● **Problem details**: Look below for the line containing "SHARON, LOIS and"; from there, print each line exactly up to and including the line containing "Image of Steel", and stop.

● **Records**:
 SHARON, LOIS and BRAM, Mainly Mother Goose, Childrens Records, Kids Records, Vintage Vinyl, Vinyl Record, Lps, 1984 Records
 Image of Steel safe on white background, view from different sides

--

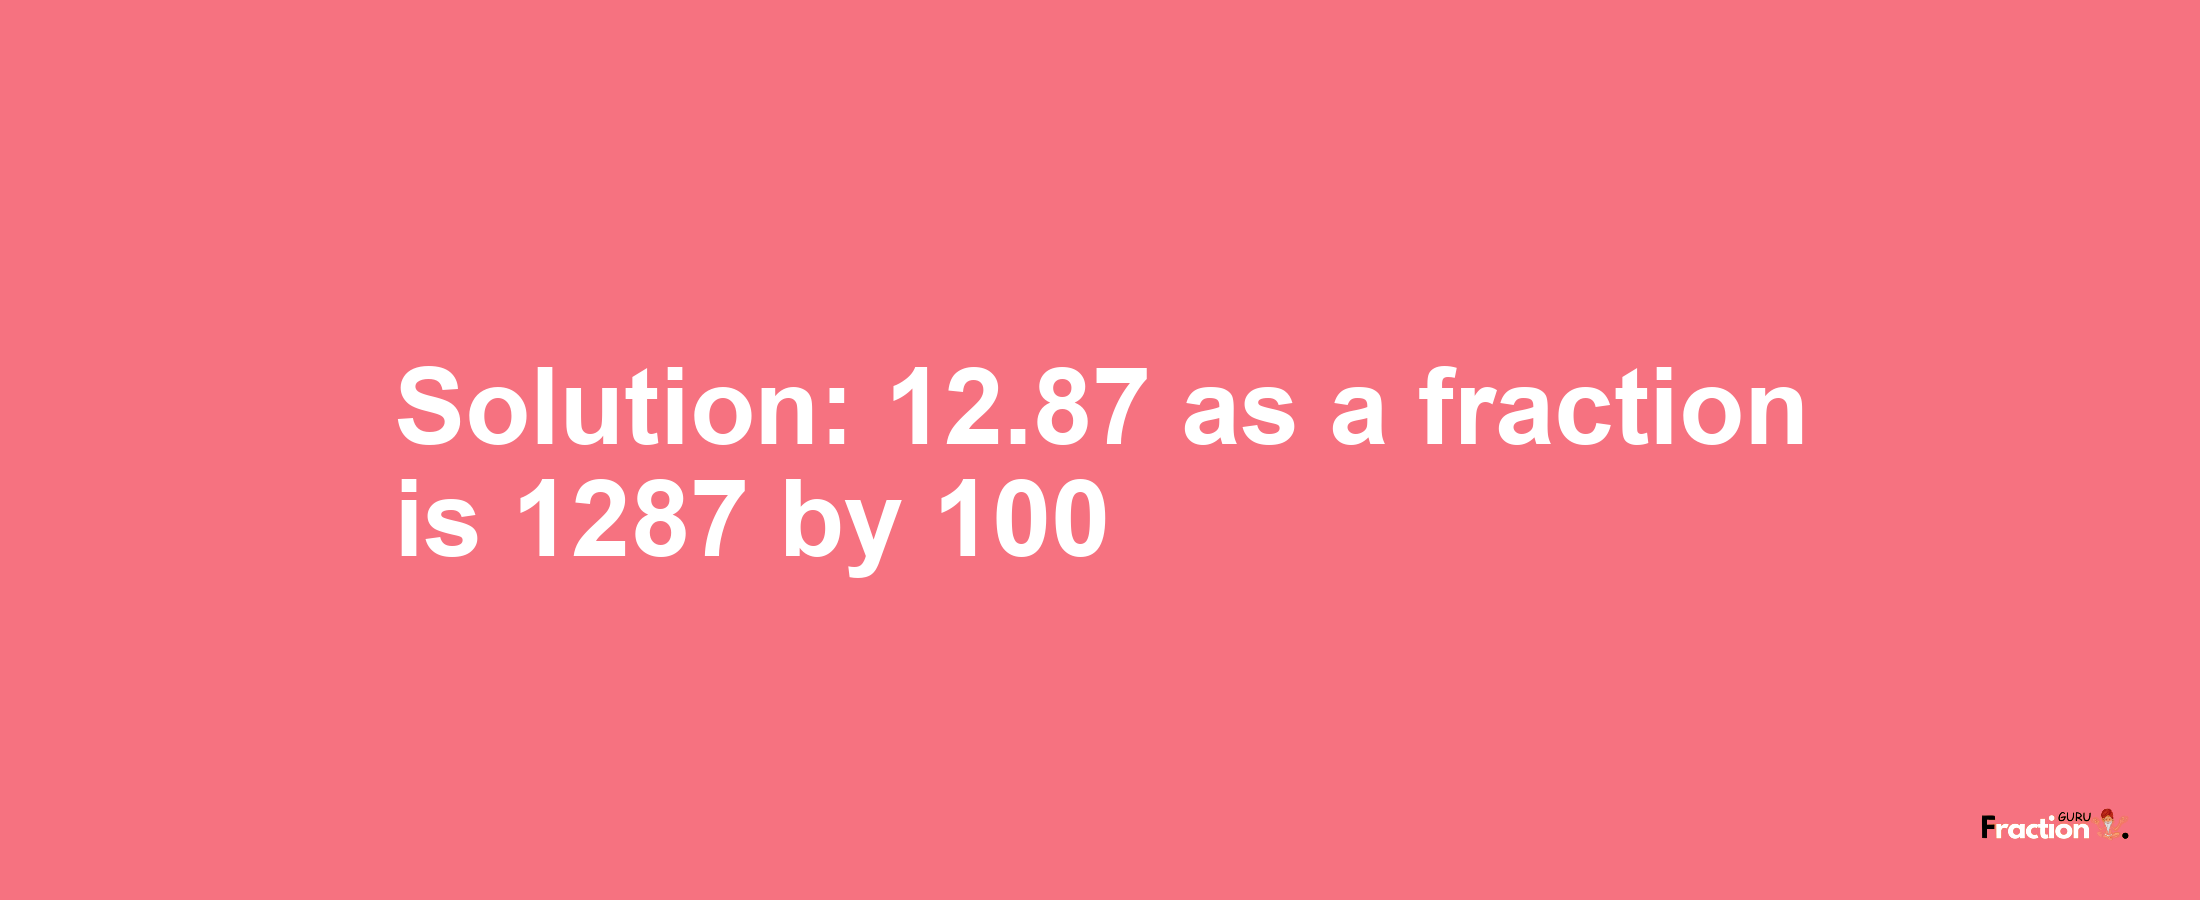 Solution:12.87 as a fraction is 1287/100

--

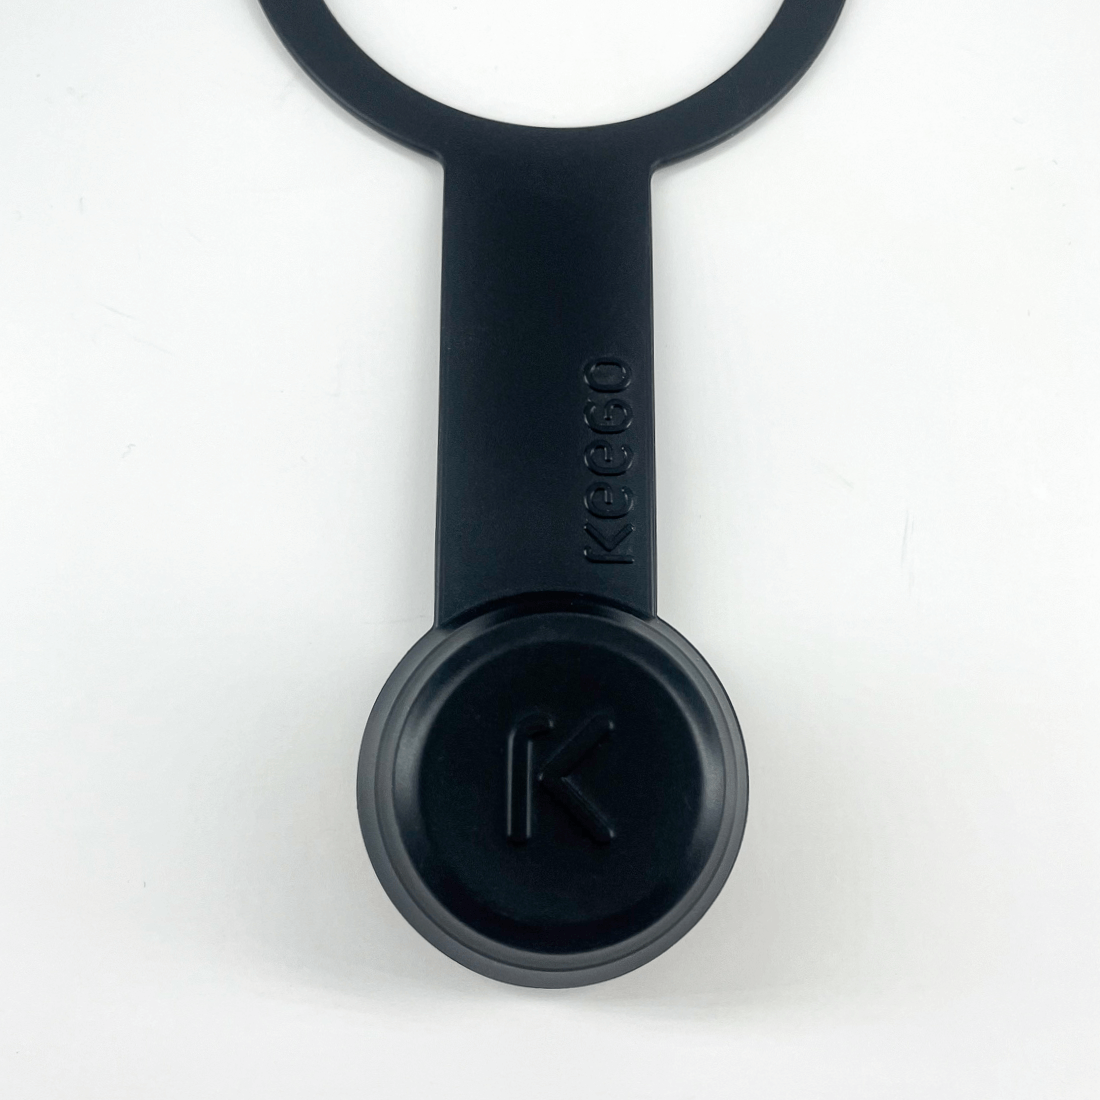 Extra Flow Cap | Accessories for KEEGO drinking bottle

● **Written answer**:
 SHARON, LOIS and BRAM, Mainly Mother Goose, Childrens Records, Kids Records, Vintage Vinyl, Vinyl Record, Lps, 1984 Records
 Image of Steel safe on white background, view from different sides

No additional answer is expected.